The process was started in 2003 to monitor the trade in so- called “blood diamonds” that funds conflicts. In 2009, restrictions were placed on the export of gems from the Marange field, which is near Zimbabwe’s border with Mozambique, after a review mission found human-rights violations and smuggling at the site. In 2008, more than 200 people were killed when Zimbabwean security forces took over the concessions, according to a report by New York-based advocacy group Human Rights Watch.
Zimbabwe was the world’s ninth-largest producer of diamonds in 2009, producing $20.4 million from 1 billion carats, according to the most recent data from the Kimberley Process website. Production from the Marange diamond fields is about 1 million carats a month, Chaim Evan-Zohar, president of industry consultant Tacy Ltd., said in February, citing government information.

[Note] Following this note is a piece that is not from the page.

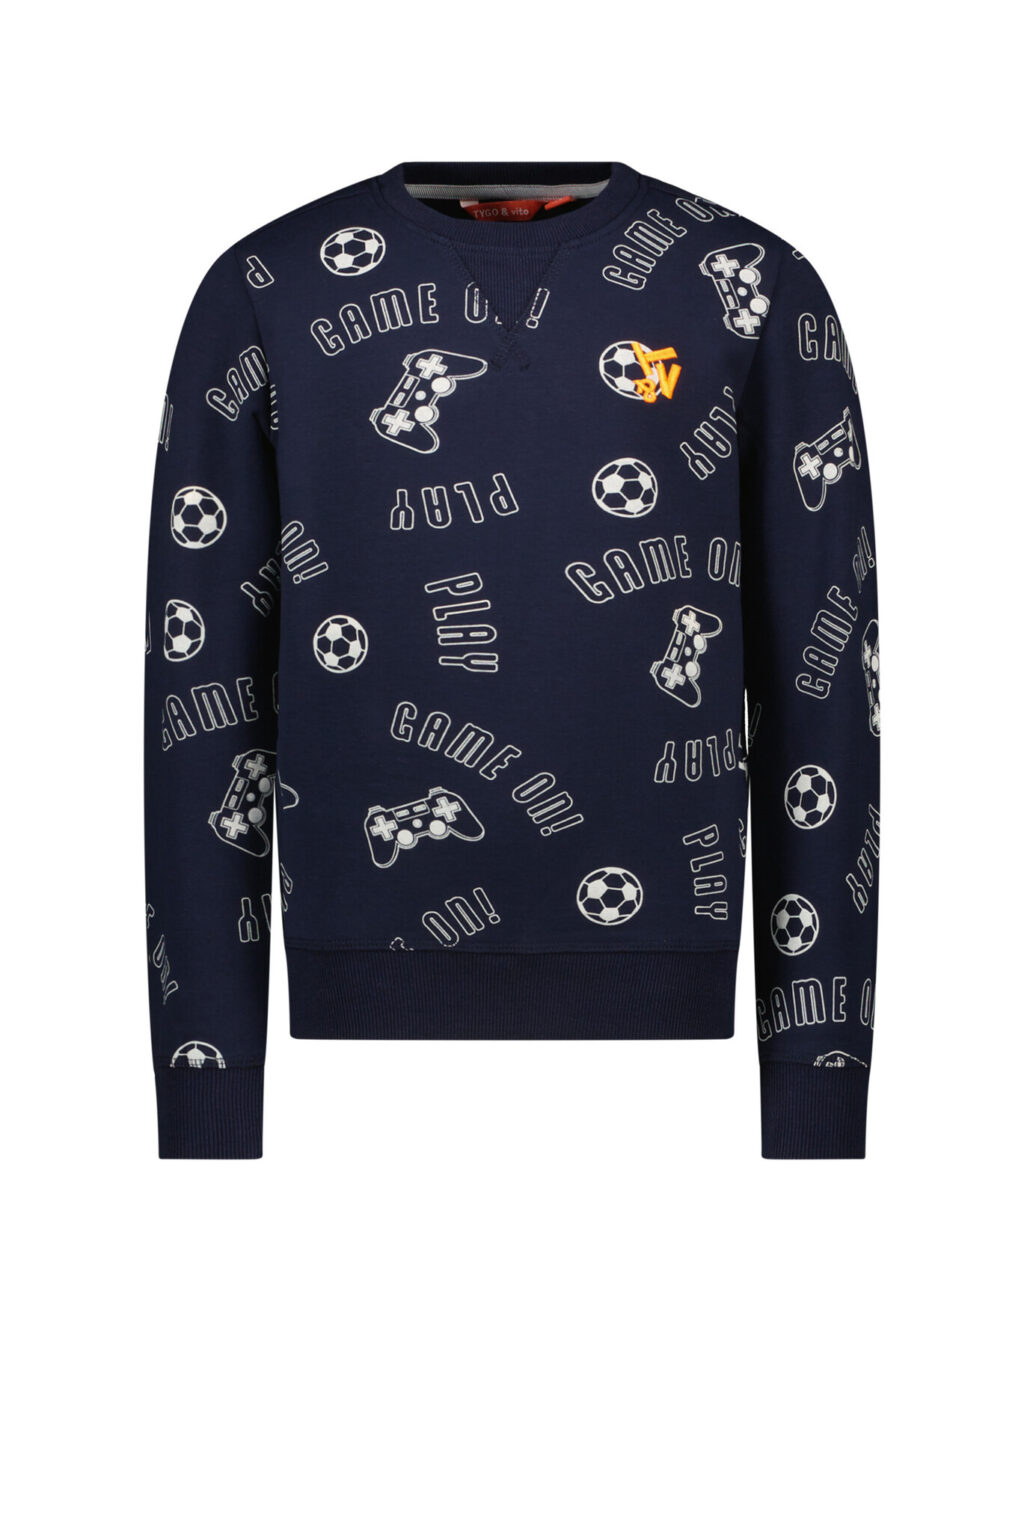 Tygo & Vito Jongens sweater AOP - Jesse - Navy blauw ~ Spinze.nl

The fields are run by Mbada Mines (Private) Ltd. and Canadile Miners (Private) Ltd. in ventures with the state-owned Zimbabwe Mining Development Corp. The southern African nation will choose a company to further survey the Marange area for diamonds and other minerals “anytime now,” Mpofu said.
On March 19, Kimberley Process Chairman Mathieu Yamba said Zimbabwe could begin shipping gems from Marange “with immediate effect.” The decision was questioned by other members including Canada, the U.K., and the U.S., who called for a consensus agreement before shipments resumed.
Those countries are politicizing the Kimberley Process, said Mpofu, referring to U.S. and European Union sanctions against Zimbabwe President Robert Mugabe and senior members of his political party.
“This isn’t about the U.S. versus Zimbabwe, this isn’t about any other country versus Zimbabwe,” said Daniel Baer, the U.S. deputy assistant secretary for democracy, human rights and labor. “This is about a problem that was assessed and trying to figure out a way to move forward so that progress can continue,” he said in an interview in Kinshasa.
Points of Conflict
Who should monitor Marange’s exports and how it should be done remain the main points of conflict, Eli Izhakoff, chairman of the World Diamond Council, said in an interview in Kinshasa, adding that he hopes exports can continue.
Other African producers have been “rallying around Zimbabwe,” said Don Hubert, an independent analyst and professor of public and international relations at the University of Ottawa who attended the meetings with Partnership Africa Canada, one of the body’s civil-society overseers.
“But it seems ludicrous to me that there wouldn’t be at least some kind of monitoring, we have it in every other case in the process where we know there are flagrant problems.”